Authored by RKSimon on Jun 13 2019, 10:02 AM.

Details

Summary

This patch introduces the DAG version of SimplifyMultipleUseDemandedBits, which attempts to peek through ops (mainly and/or/xor so far) that don't contribute to the demandedbits/elts of a node - which means we can do this even in cases where we have multiple uses of an op, which normally requires us to demanded all bits/elts.

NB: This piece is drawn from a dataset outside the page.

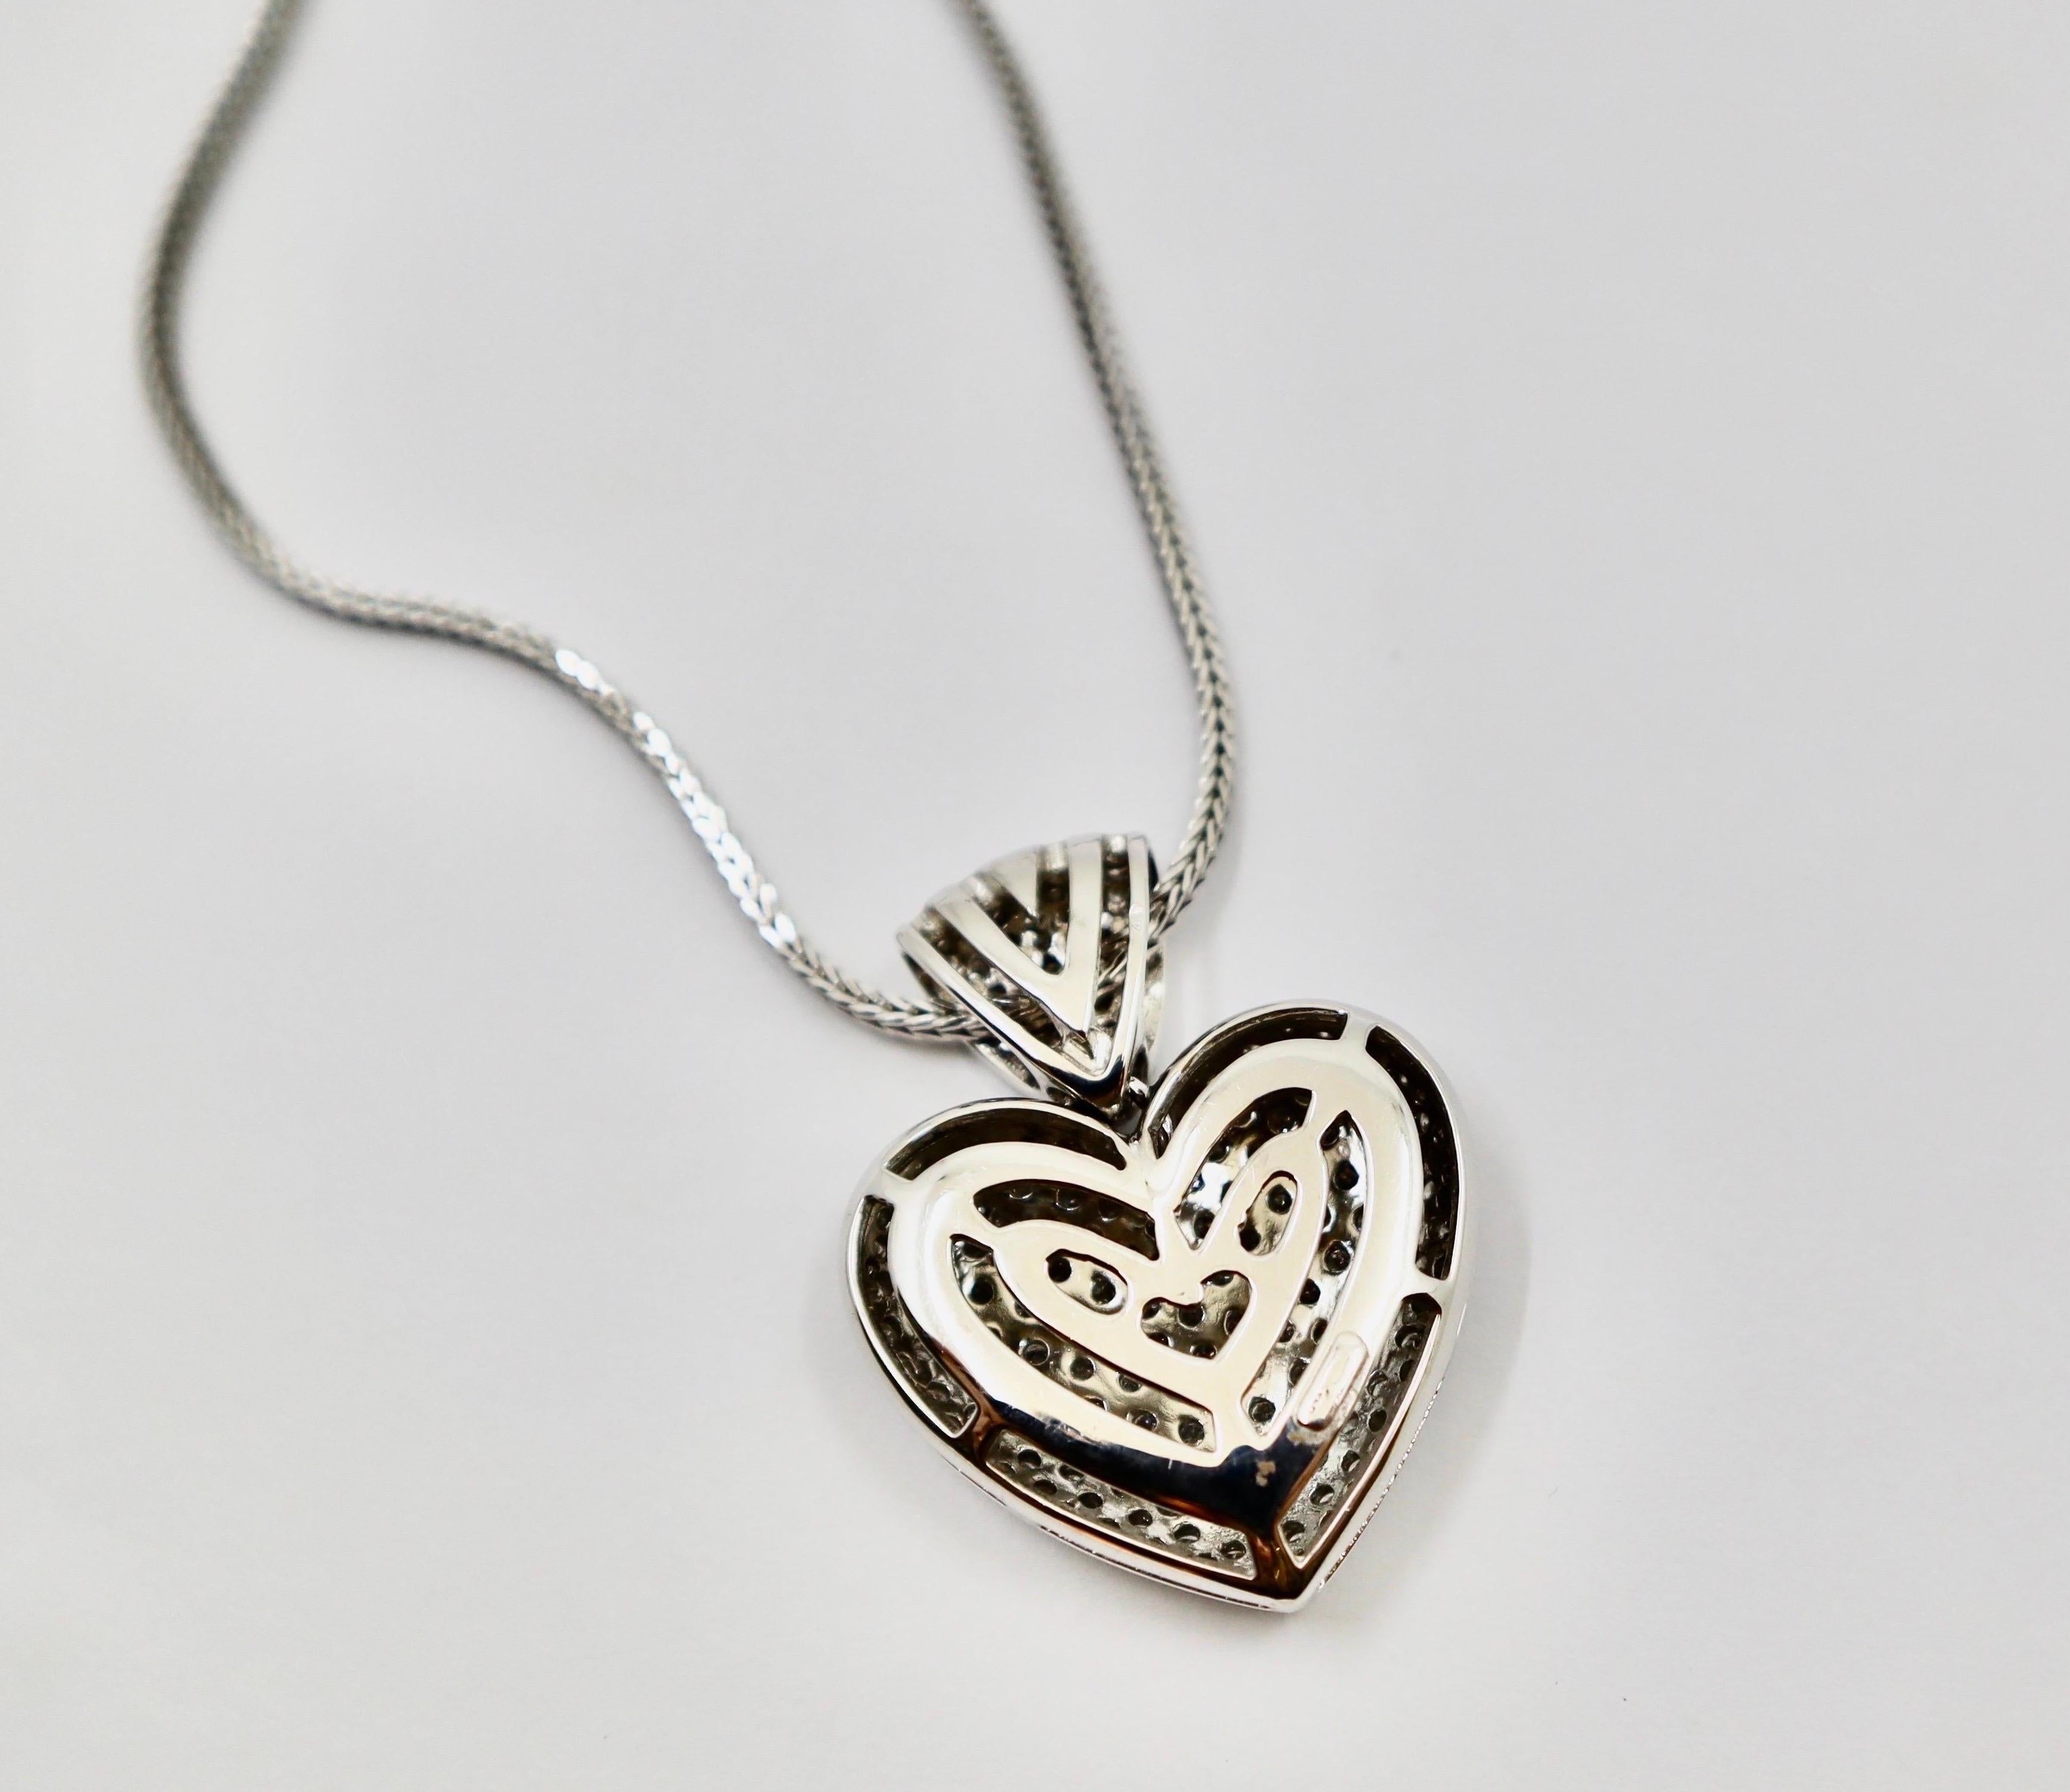 Heart Necklace in diamonds (Approx. 7 carats) and white Gold For Sale 2

The intention is to remove a similar instruction - SelectionDAG::GetDemandedBits - once SimplifyMultipleUseDemandedBits has matured.

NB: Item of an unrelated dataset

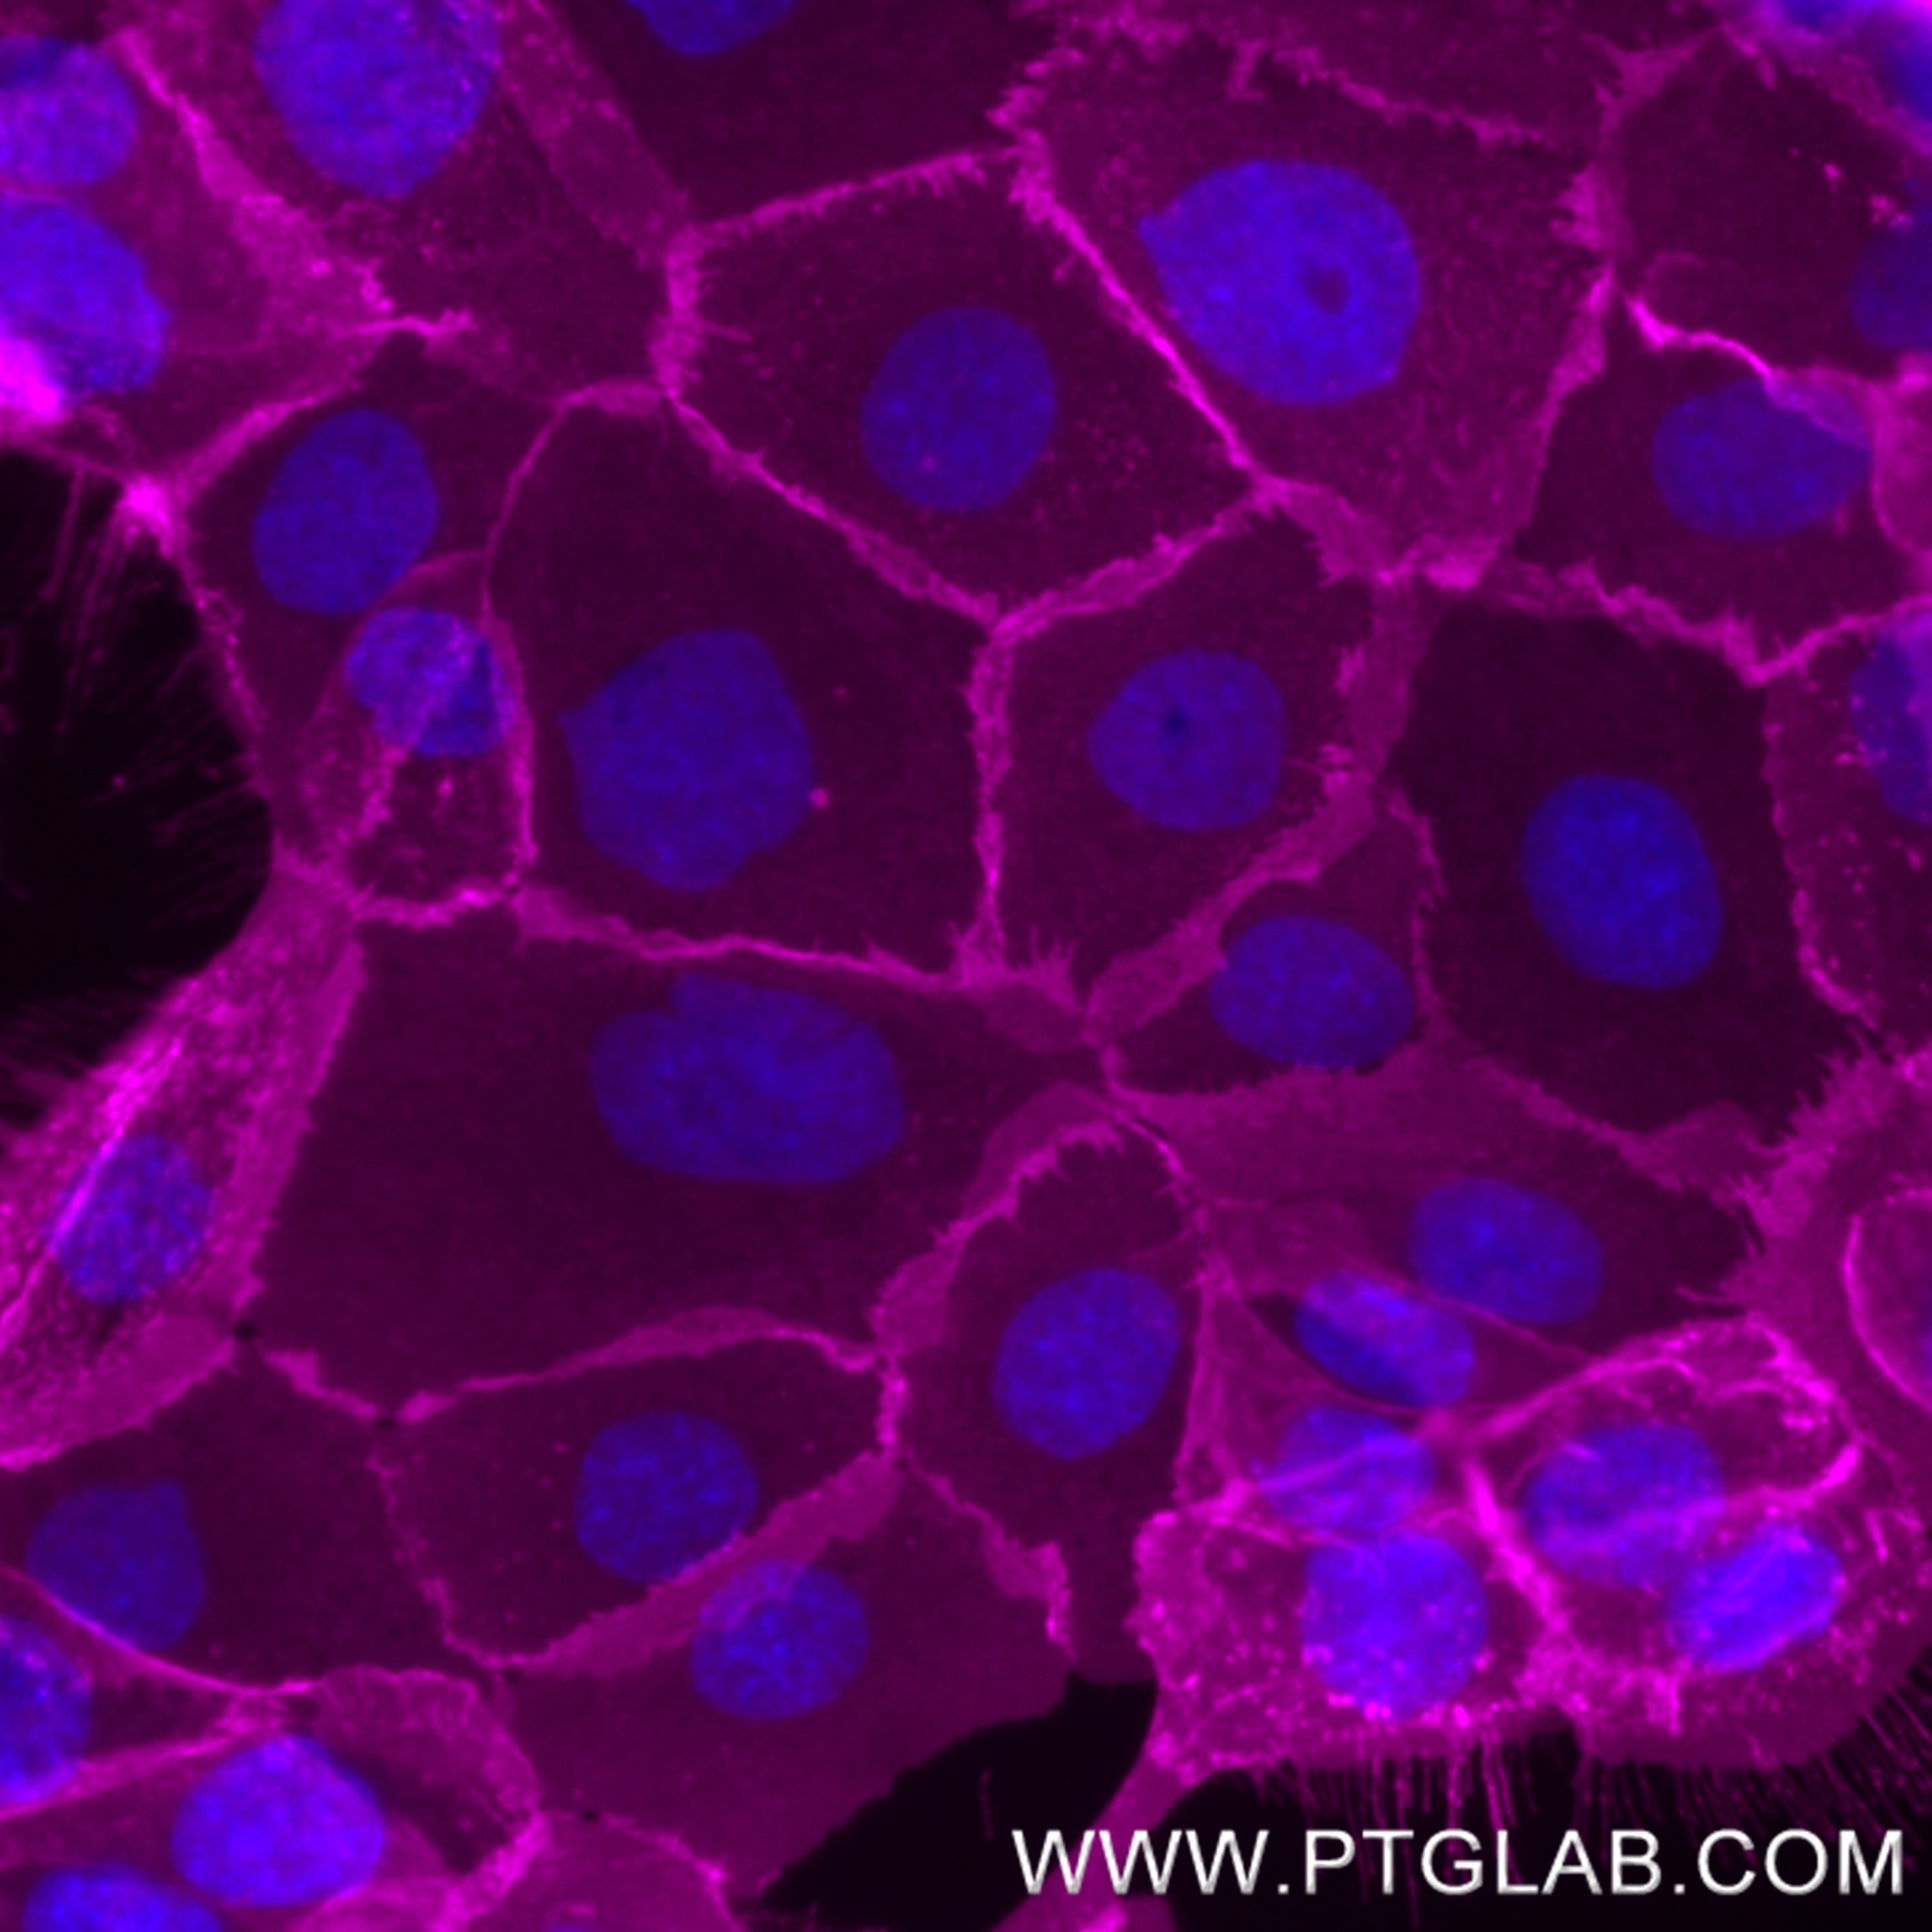 Live A431 cells were incubated with anti-human EGFR (Cetuximab biosimilar) followed by Nano-Secondary® alpaca anti-human IgG, recombinant VHH, CoraLite® Plus 647 [CTK0117] (magenta, shuGCL647-2 ). Cells were fixed and nuclei were stained with DAPI (blue). Epifluorescence images were acquired with a 40x objective and post-processed.

The InstCombine version of SimplifyMultipleUseDemandedBits can constant fold which I haven't added here yet, and so far I've only wired this up to some basic binops (and/or/xor/add/sub/mul) to demonstrate its use.

We do see a couple of regressions that need to be addressed:

  • AMDGPU unsigned dot product codegen retains an AND mask that it previously removed (but otherwise the dotproduct codegen is a lot better)
  • X86/AVX2 has poor handling of vector ANY_EXTEND/ANY_EXTEND_VECTOR_INREG - it prematurely gets converted to ZERO_EXTEND_VECTOR_INREG

Both these cases look like they can be fixed up afterwards but I'd like to get code owner's feedback first.

Diff Detail

Repository
rL LLVM

Event Timeline

RKSimon created this revision.Jun 13 2019, 10:02 AM
Herald added a project: Restricted Project. · View Herald TranscriptJun 13 2019, 10:02 AM
nikic added inline comments.Jun 15 2019, 3:41 AM
lib/CodeGen/SelectionDAG/TargetLowering.cpp
664 ↗(On Diff #204567)

Why are there explicit SimplifyMultipleUseDemandedBits() calls for individual opcodes, rather than a general call in the !hasOneUse branch here? This is what we do in InstCombine.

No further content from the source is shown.